**Data provided:**
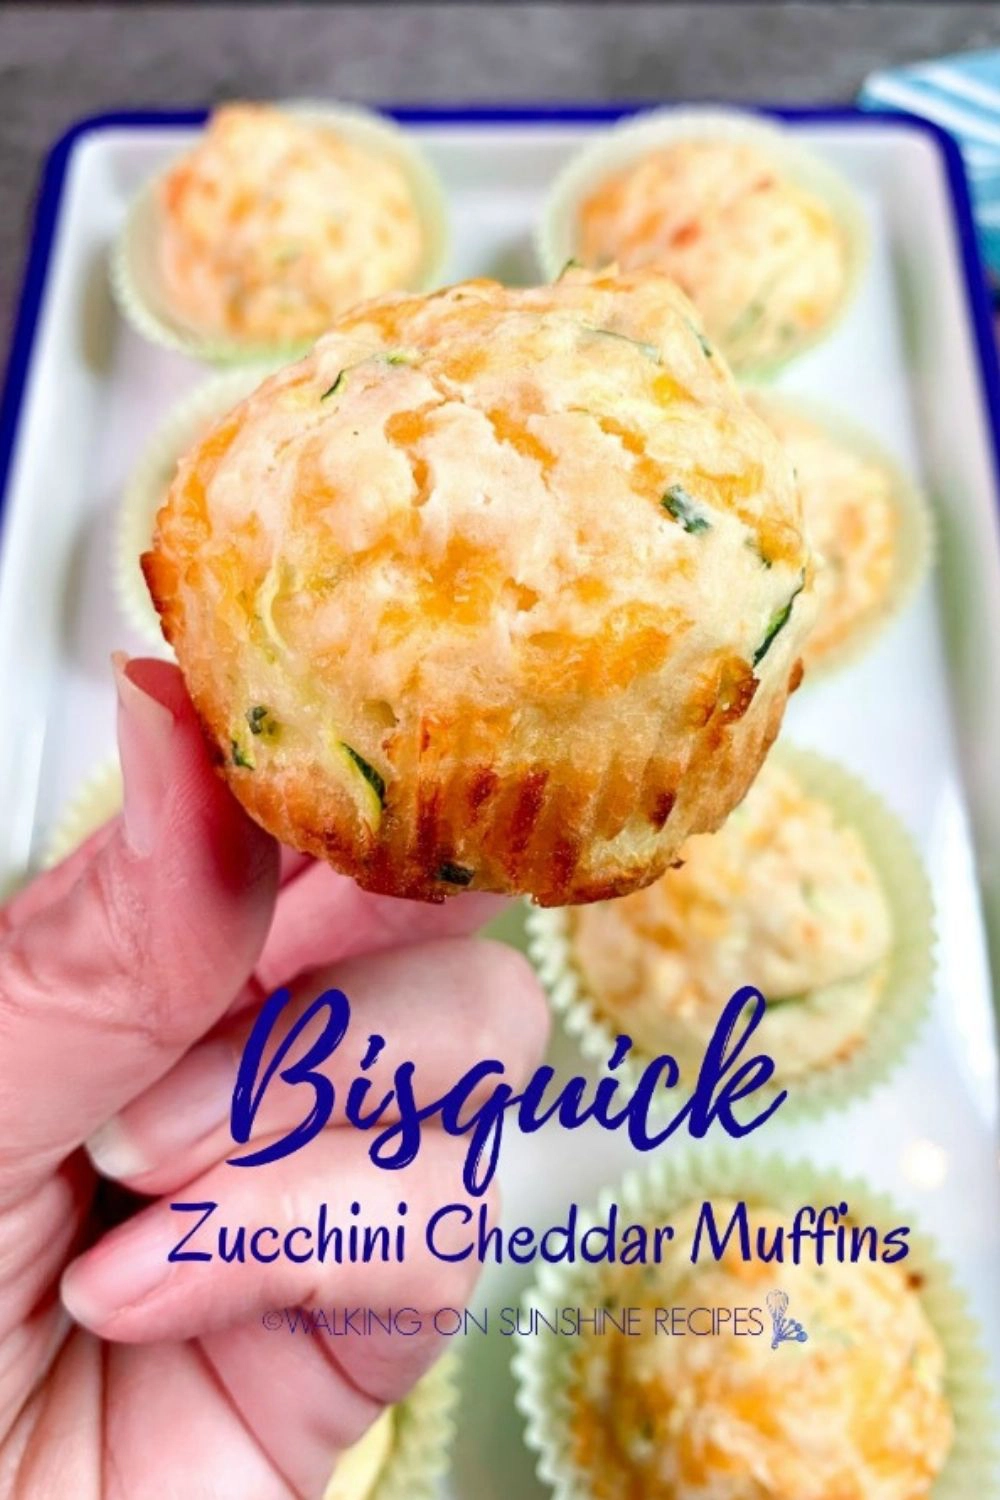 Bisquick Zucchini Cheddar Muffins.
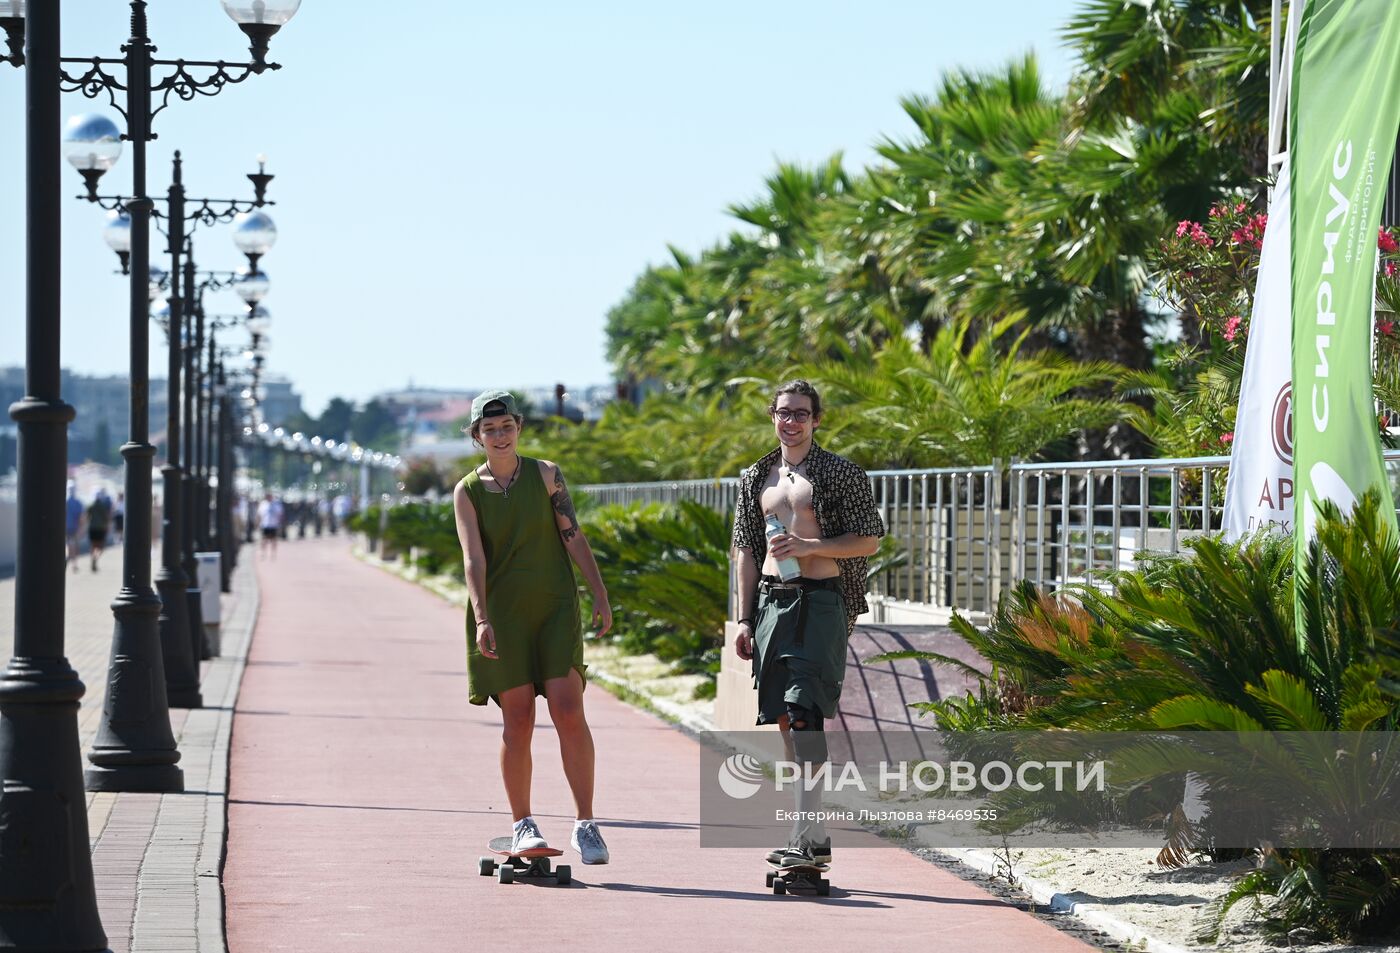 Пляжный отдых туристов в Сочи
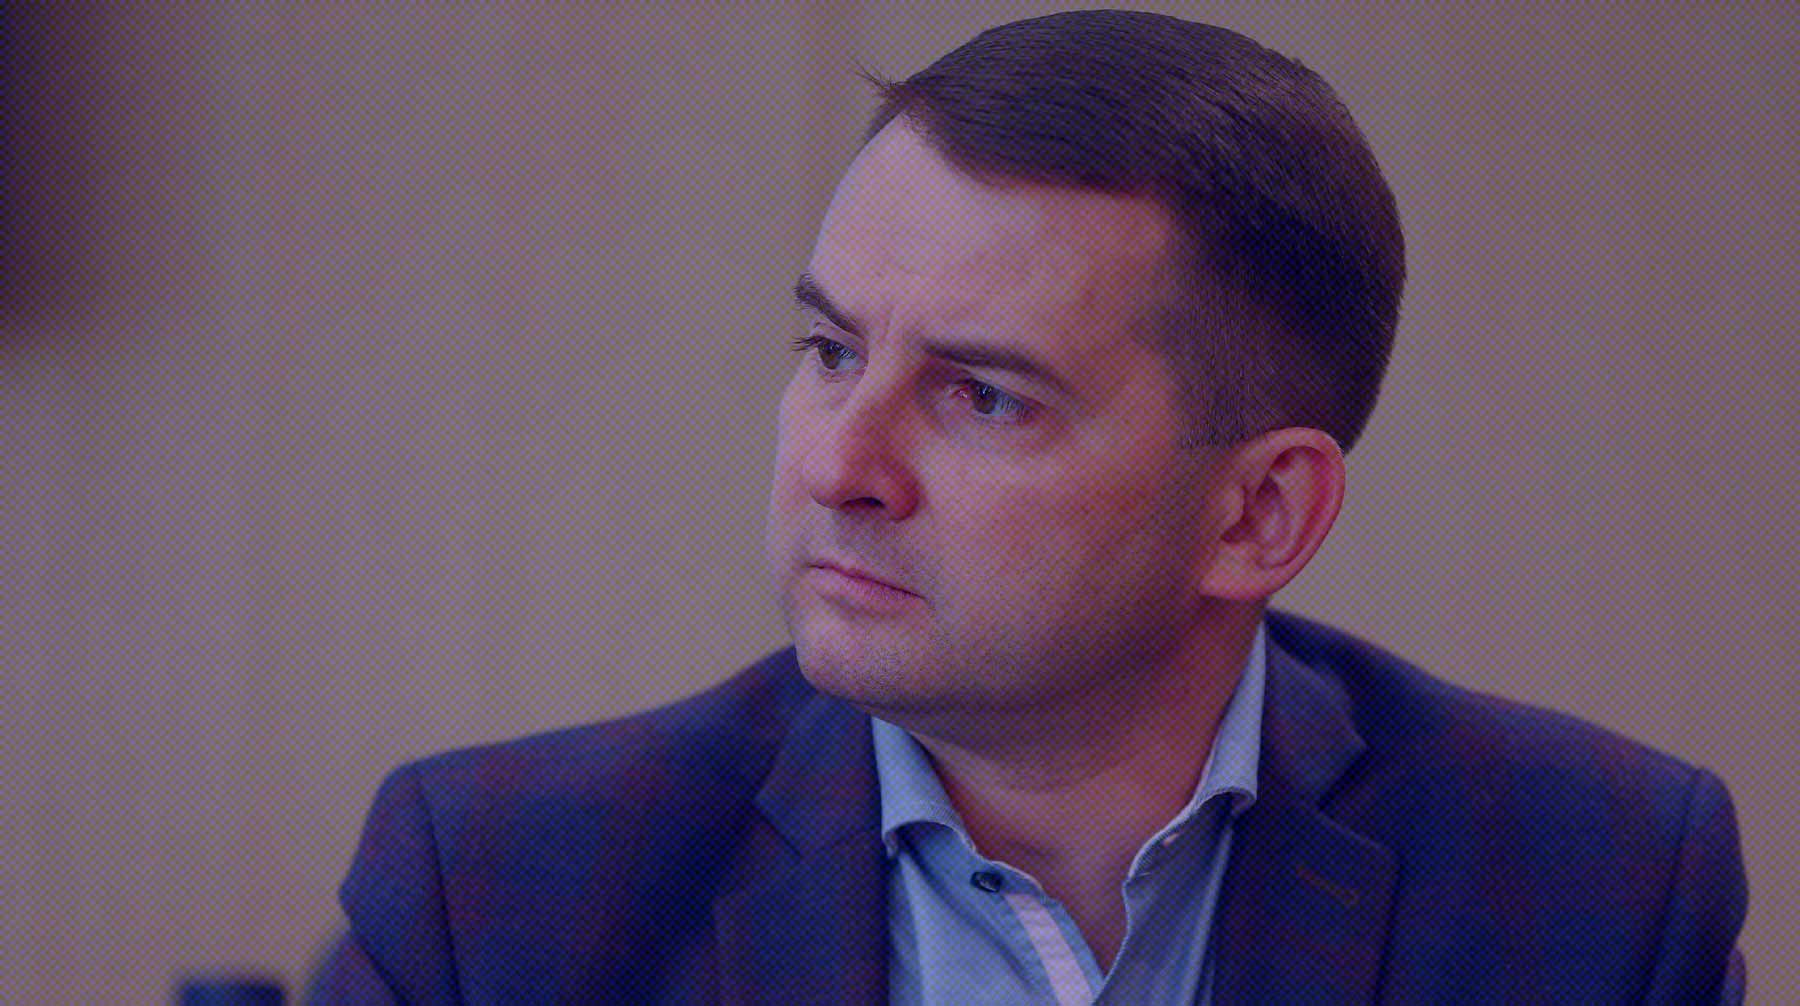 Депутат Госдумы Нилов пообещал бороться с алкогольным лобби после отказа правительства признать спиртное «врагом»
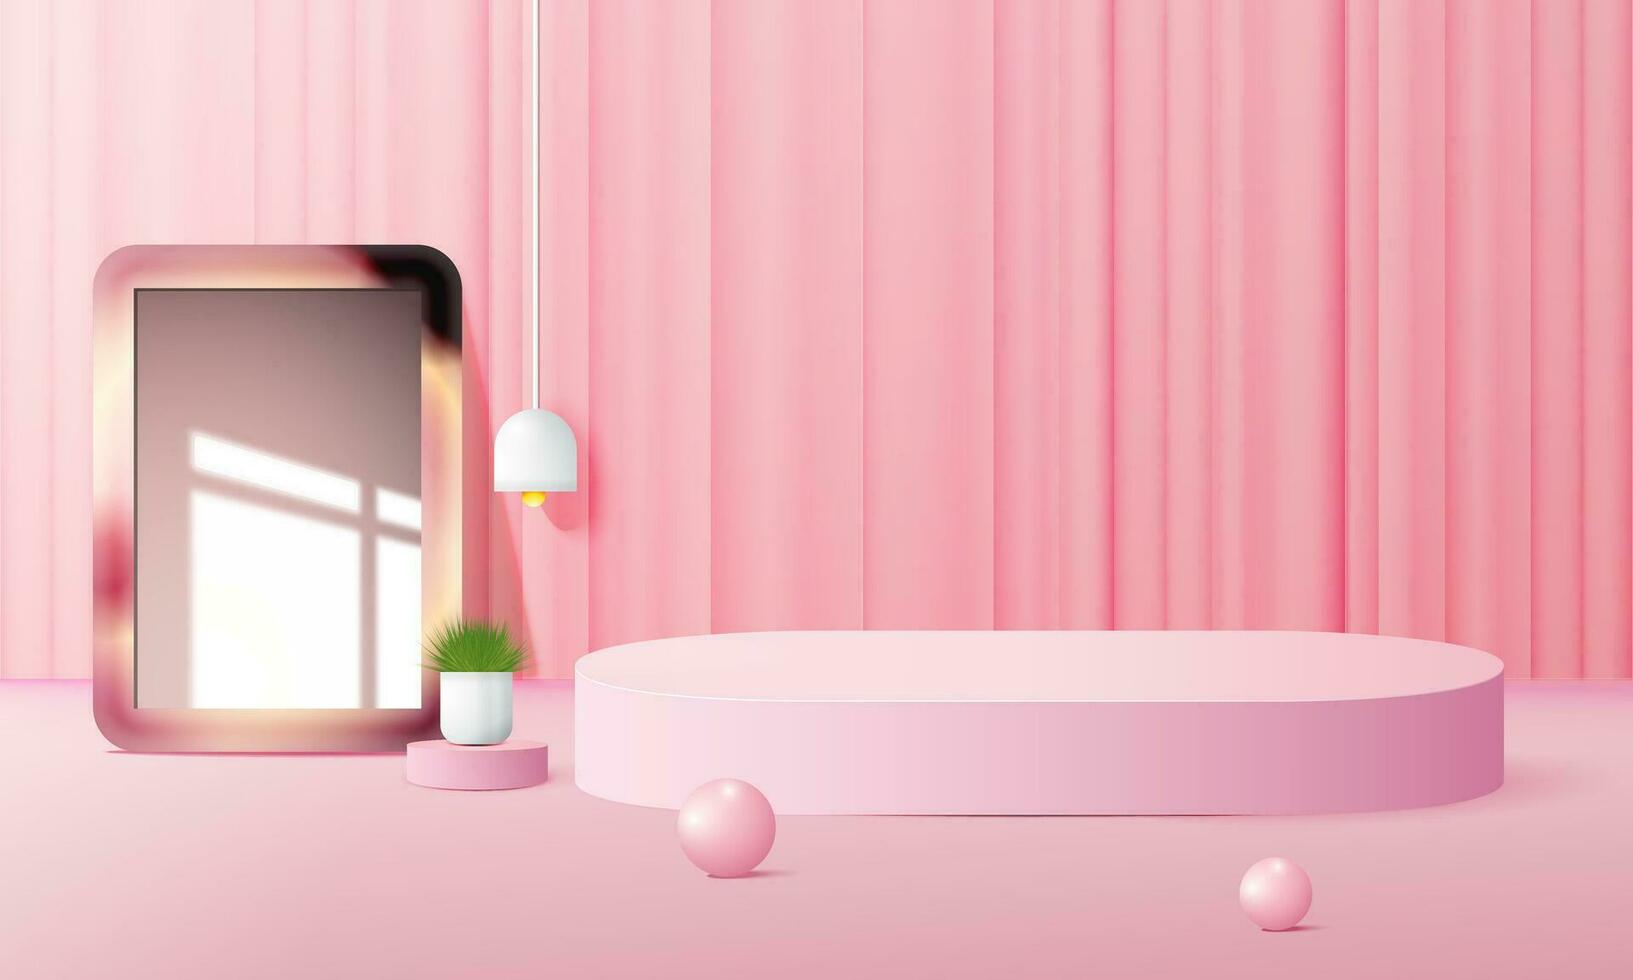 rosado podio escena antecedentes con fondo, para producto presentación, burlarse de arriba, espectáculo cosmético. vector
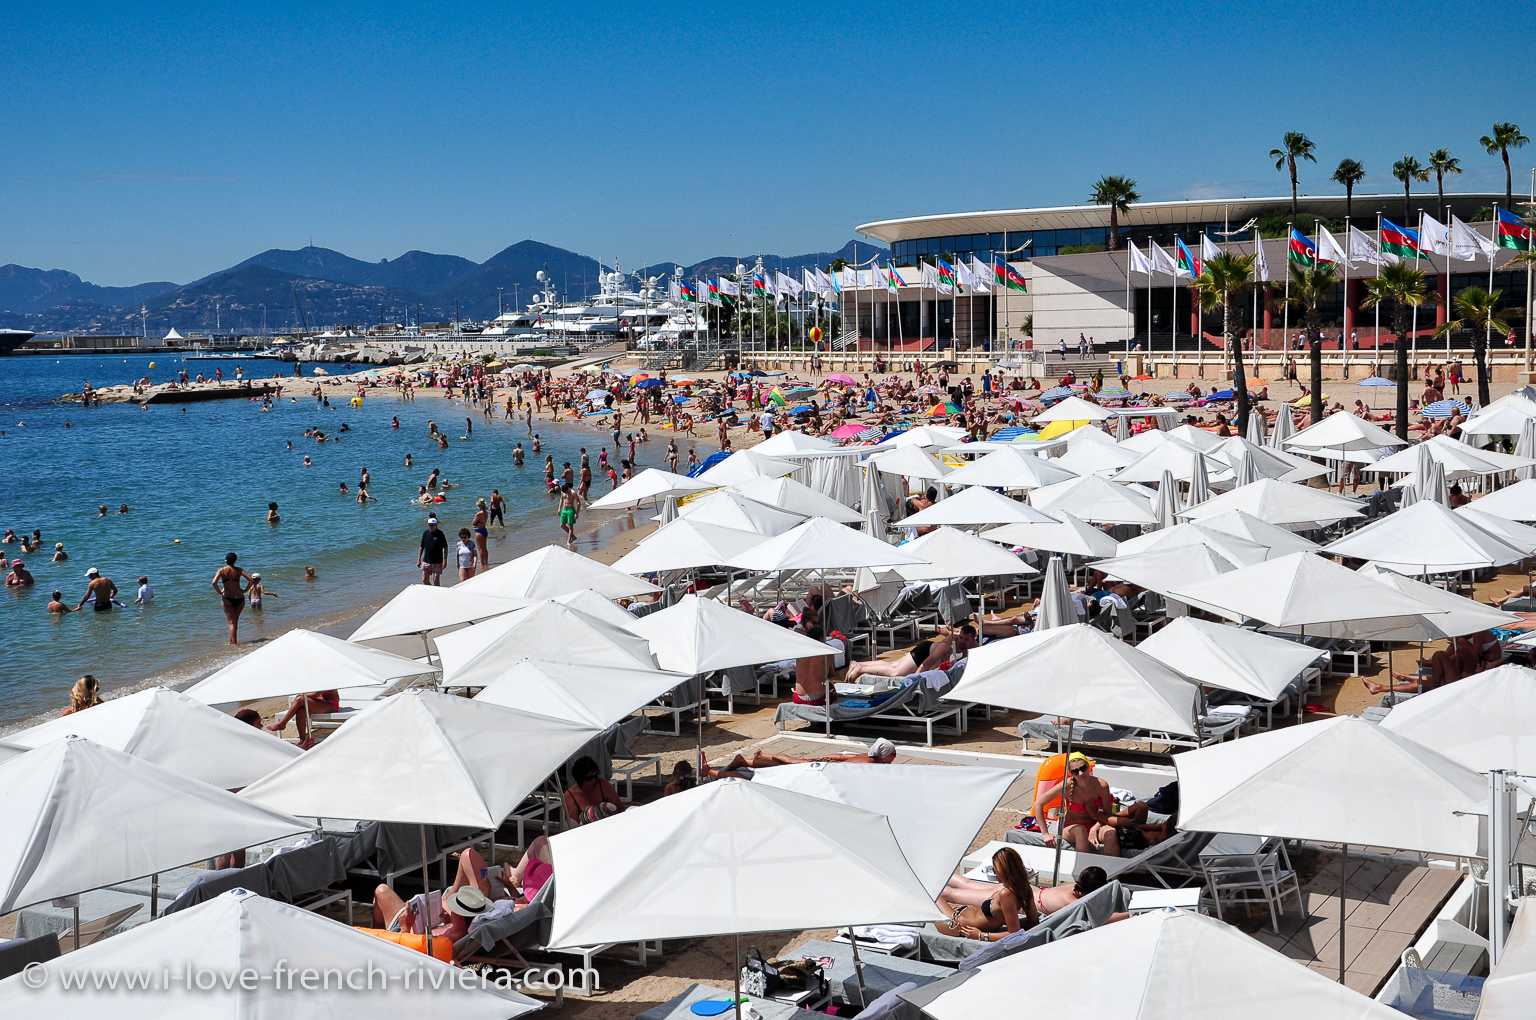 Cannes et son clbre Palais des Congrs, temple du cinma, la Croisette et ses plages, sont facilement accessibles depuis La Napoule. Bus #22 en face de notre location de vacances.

**Action item:**
Please print all the lines above exactly as given and leave out every picture.

**Exercise output:**
 Bisquick Zucchini Cheddar Muffins.
 Пляжный отдых туристов в Сочи
 Депутат Госдумы Нилов пообещал бороться с алкогольным лобби после отказа правительства признать спиртное «врагом»
 rosado podio escena antecedentes con fondo, para producto presentación, burlarse de arriba, espectáculo cosmético. vector
 Cannes et son clbre Palais des Congrs, temple du cinma, la Croisette et ses plages, sont facilement accessibles depuis La Napoule. Bus #22 en face de notre location de vacances.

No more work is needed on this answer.